Monday, May 15, 2017

Trip to PCMC to see pediatric GI

Let me just start off by saying I was not impressed with the doctor we saw this morning.

The end result/diagnosis is "Function abdominal pain" and possibly IBS (Irritable Bowel Syndrome).  The problem with an IBS diagnosis is that unless she's had symptoms for 3 months, they won't give her that specific diagnosis.  Did I mention the doctor said she doesn't think Sam needs to come back.

The doctor glanced through all the labs and notes from the last month and without beating around the bush says she doesn't think Sam has Celiac.  She said that even if you were gluten free when you took the test, it takes 6 months to be completely gluten free.  She said that the Celiac test is a good test and that it's reliable.

The doctor said she thinks Sam is constipated and that's part of the problem.  Still don't think constipation will cause a child to sleep 12-18 hours a day.  Also don't think that constipation will cause a child to be in such pain that they lay in the fetal position and refuse to move for the few hours they are awake.

The dr. put Sam on what's called a FODMAP diet.  She needs to follow the FODMAP diet for at least 6-8 weeks.  At that point, she can try to re introduce foods into her diet to see how she does with them.  The FODMAP diet is a gluten free diet (So...she doesn't have Celiac but has to still be gluten free?  Yep.  Makes sense, right?)

The FODMAP diet tries to eliminate carbohydrates from your diet.  FODMAPS are osmotic which means they pull water into the intestinal tract and may not be digested or absorbed well and could be fermented upon by bacterial in the intestinal tract when eaten in excess.  Common FODMAPs in your diet are:
Fructose (fruits, honey, high fructose corn syrup, etc), lactose (dairy)
Fructans (wheat, onion, garlic, etc - also known as insulin)
Galactans (beans, lentils, legumes such as soy, etc)
Polyols (sweeteners containing sorbitol, mannitorl, xylitol, maltitol, stone fruits like avocado, apricots, cherries, nectarines, peaches, plums, etc)

Samantha is now convinced she's going to starve.  Luckily, we have a list of what she IS allowed to eat.  This should make for an interesting 6-8 weeks.

Functional abdominal pain  means there is no structural, inflammatory, infectious, neoplastic or metabolic cause to your stomach pain.  Functional pain is diagnosed in about 10-15% of school aged children.  It is believed that in some children the nerves in your intestines become very sensitive and pain is experienced even during normal intestinal activities.

We were told to find some peppermint oil capsules that she can take with meals.  This is supposed to help with gastric relaxation.  She was also given a prescription for something called Levsin.  She just puts this under her tongue up to 3x a day with meals and it helps with the main.  We were also told she should not be taking Aleve or ibuprofen - this should make the patella bursitis fun.

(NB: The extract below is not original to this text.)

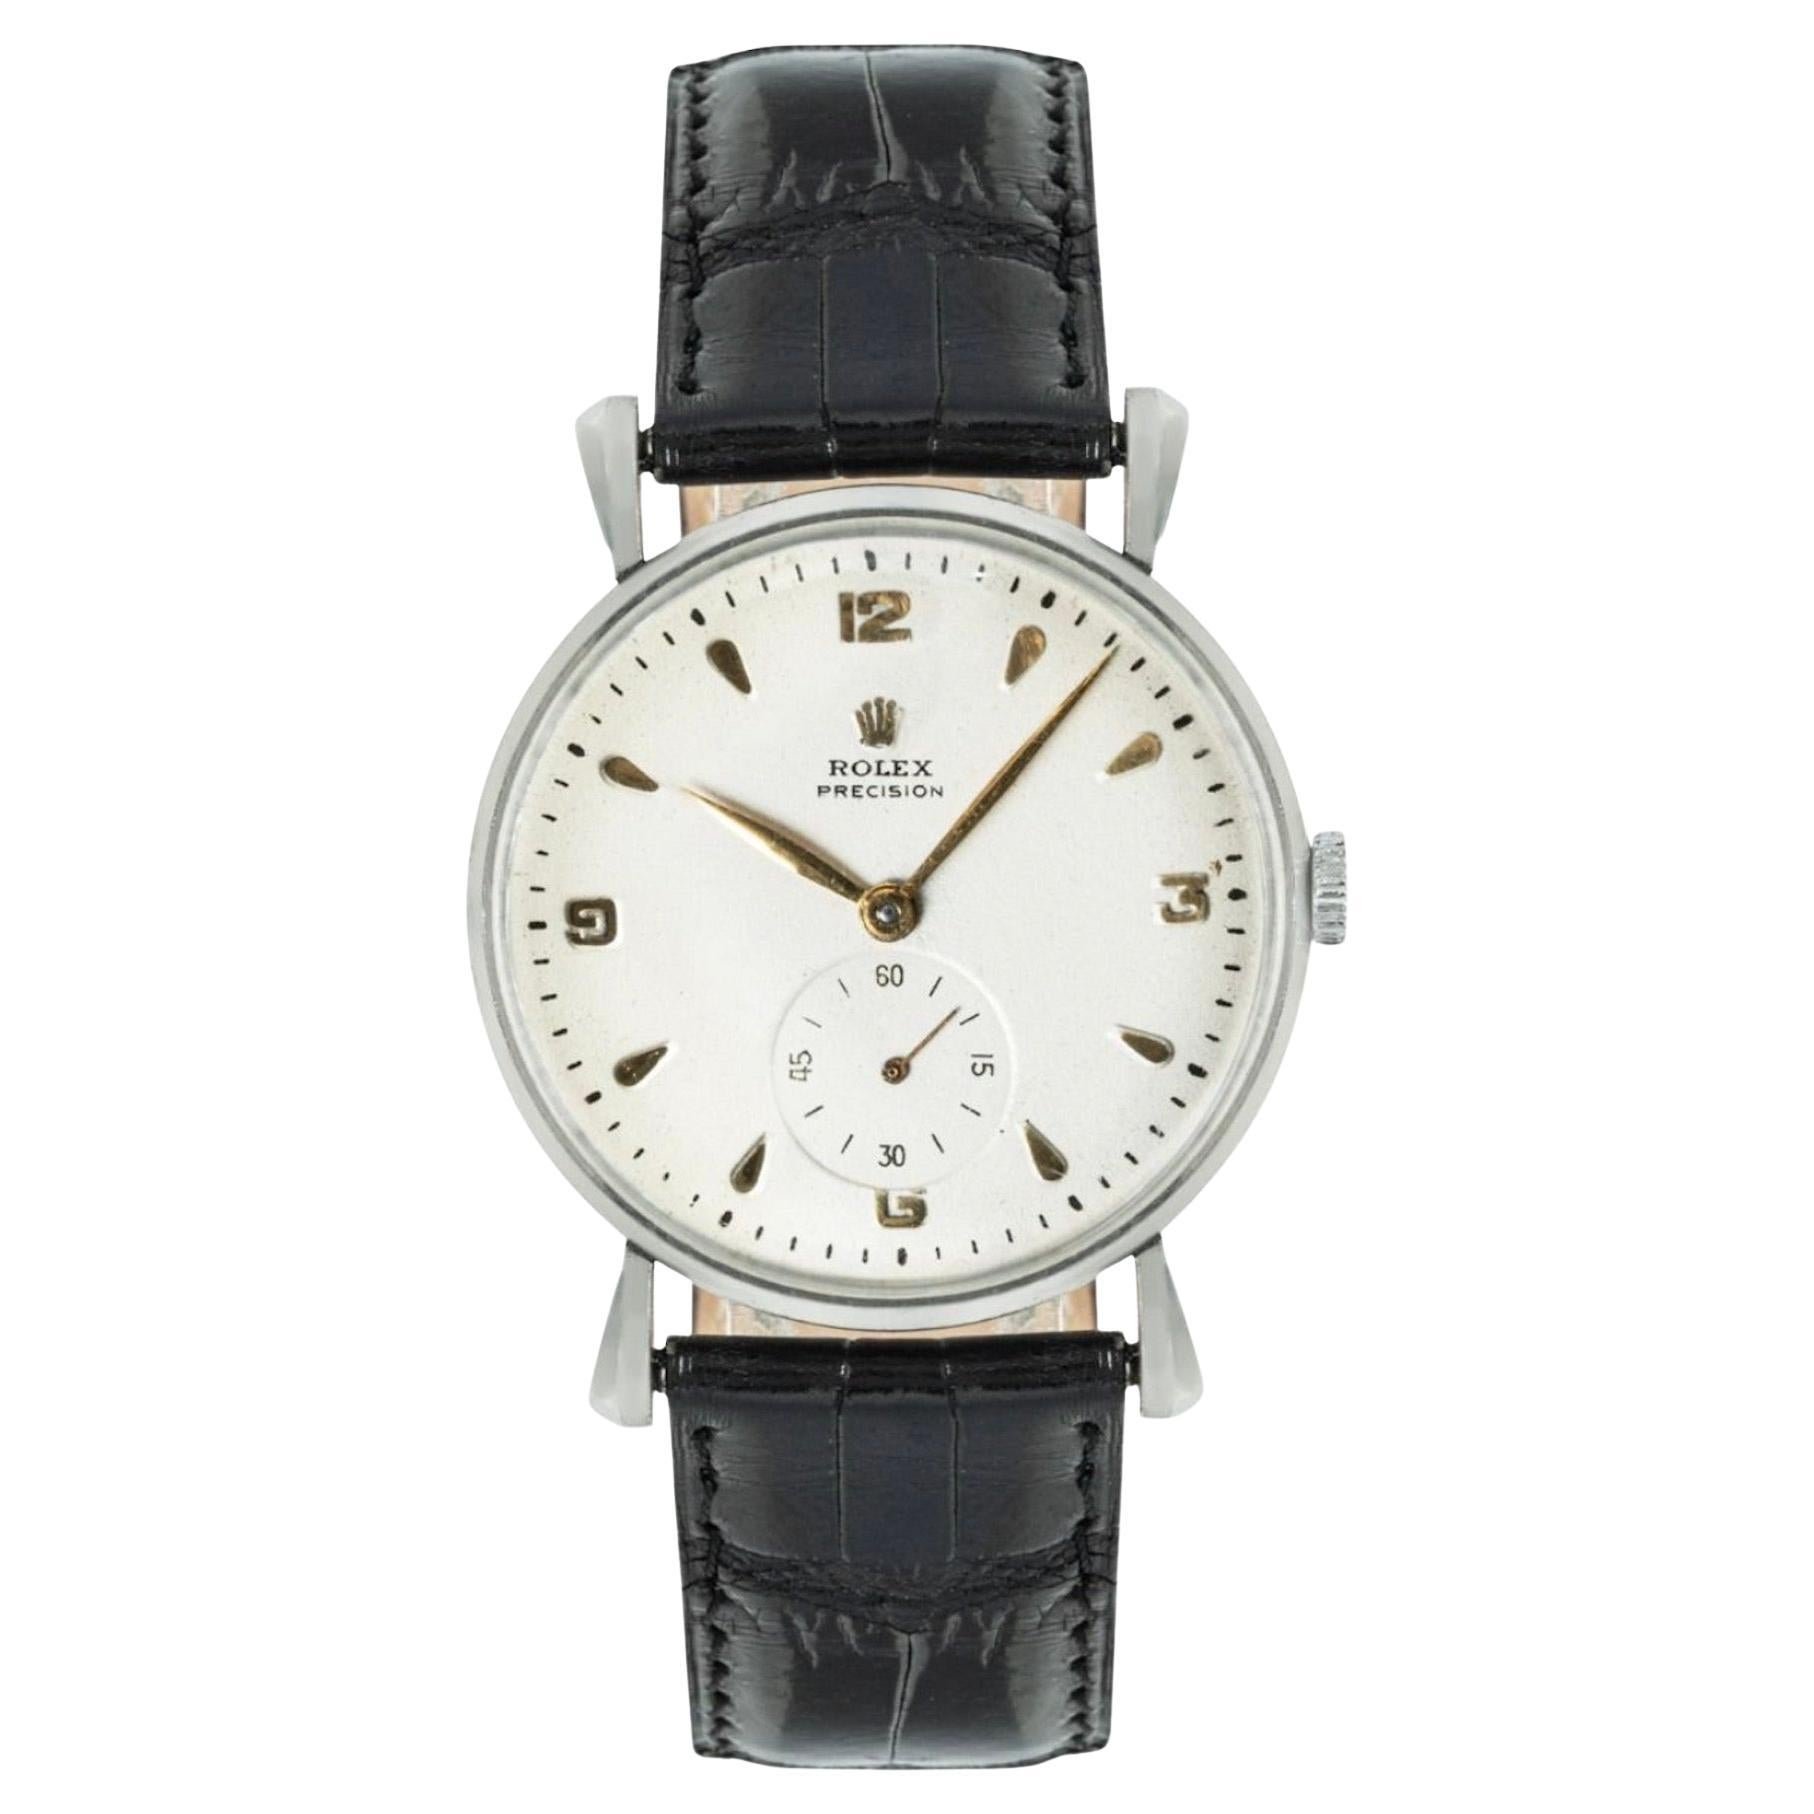 Vintage Rolex Precision Watch For Sale

So, here we are, going on 5 weeks missed school, a CT scan of the face, an ultrasound of the pancrease and gallbladder, 5 rounds of blood work, a chest x ray, 2 trips to the chiropractor, 2 trips to the ENT, at least 5 trips to 2 different pediatricians, 6 prescriptions (3 antibiotics), 1 trip to PCMC to see a pediatric GI and STILL not a positive diagnosis.  At least she wasn't a human pin cushion today.  We'll see how the next 6-8 weeks go on the FODMAPs diet.  Hope she doesn't drop a ton of weight.  Keep your fingers crossed.